More unboxing. It includes a CR2032 coin cell in the box. Handy when the product line’s premise is ultra low power. It includes two usb cables, one mini, one micro. What the hell. why are you using mixed connectors?! (One for debug, one for user, similar to the original STM32F4 discovery)
Nice looking board, nice screen. Factory demo software is space invaders! Nice demo of touch buttons, physical buttons and the screen. Startup screen shows the debugger state as well. Expansion header seems to have a full silkscreen with correct positioning. Debug connector for connecting your own debug hardware is the full ARM Cortex with trace header, 2×10@1.27mm pitch. This is somewhat unusual, I’ve never had one that broke out the full ETM pins.
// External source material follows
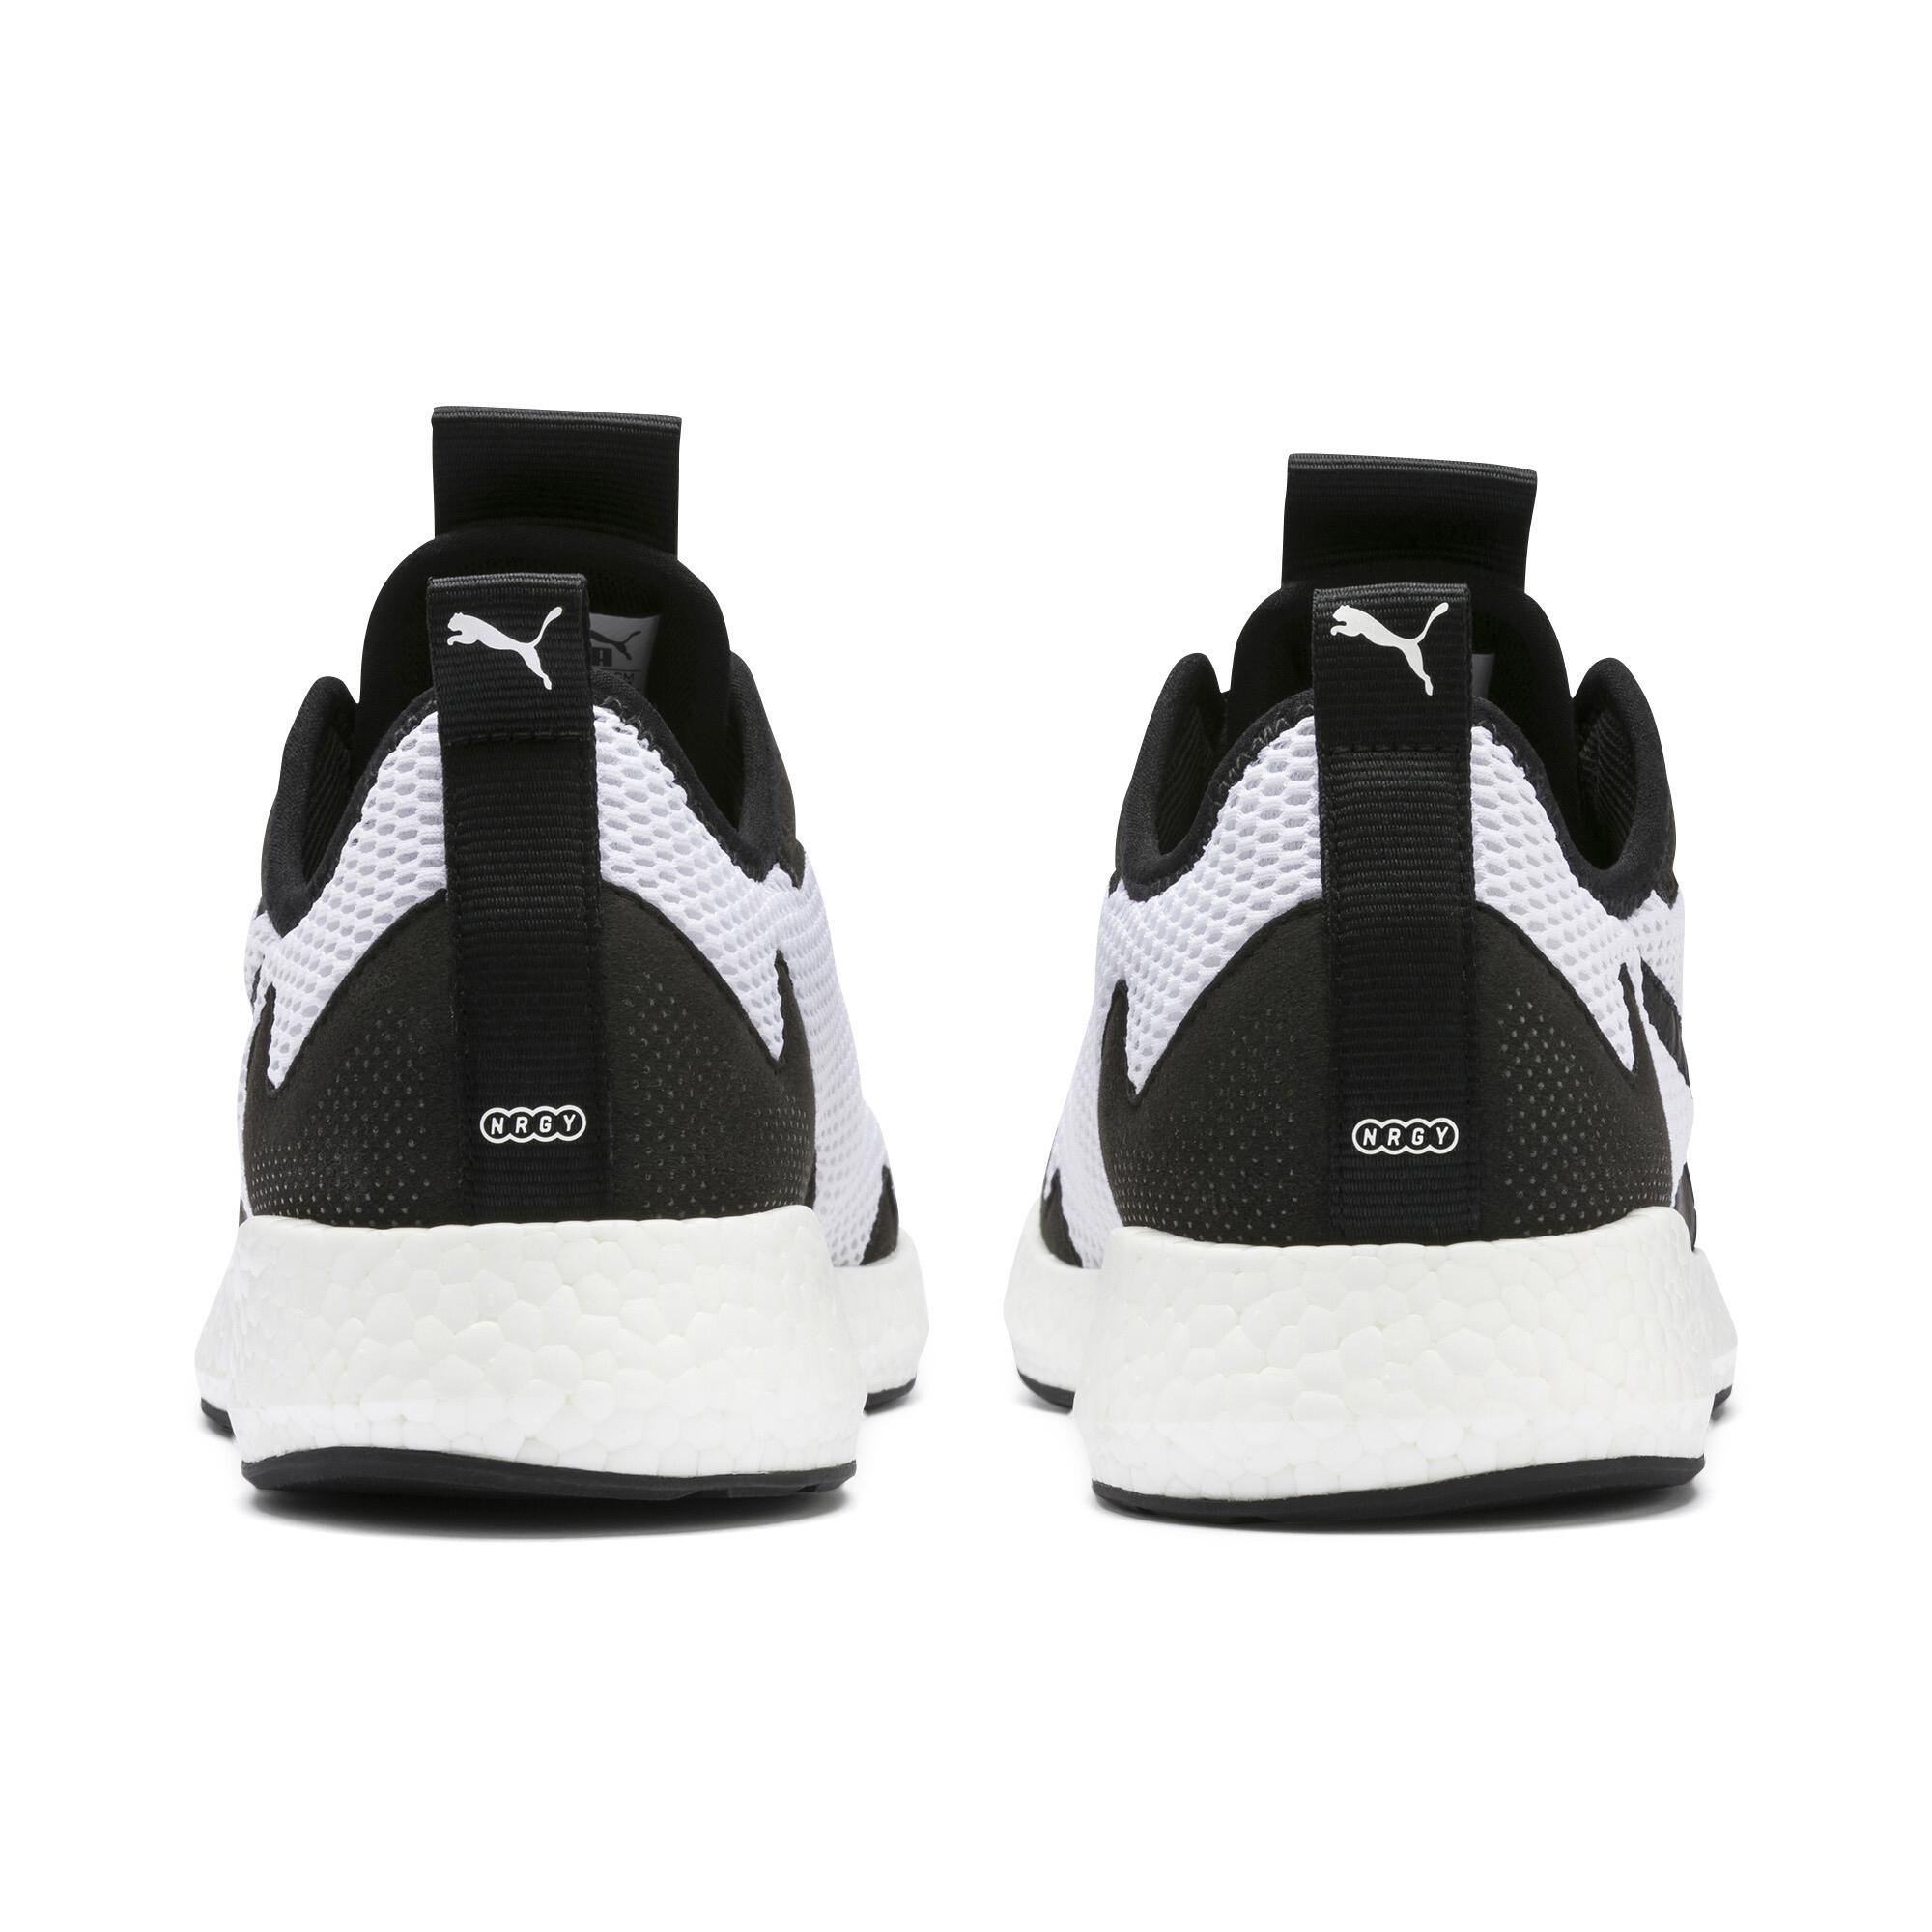 PUMA-NRGY-Neko-Skim-Men-s-Running-Shoes-Men-Shoe-Running thumbnail 18

The kit user guide implies that there’s a USB flash drive in the box, containing simplicity studio. Thankfully that’s not the case. That would have been really wasteful. (Yes, yes, helpful for some people with shitty internet, but incredibly wasteful for everyone else)
The onboard JLink OB also presents a mass storage device, with a (broken) mbed link, a link to the starter kit’s home page, and a link to simplicity studio’s homepage. Rather shitty filenames, but I guess that helped someone’s day :) Bit lame about the mbed link not working though. It looks like something that mbed setup to be permanent, but someone overlooked somewhere: http://mbed.org/device/?code=200501120000B7A4D74B847B (Update: It might actually work, but mbed’s website was hacked at the time of writing….)
The rest of the kit user guide doc is rather sparse, (to be polite) simply containing some screenshots of how to run demos and get more information from within Simplicity studio. The kit home page does have a link to download the schematics though, that’s nice.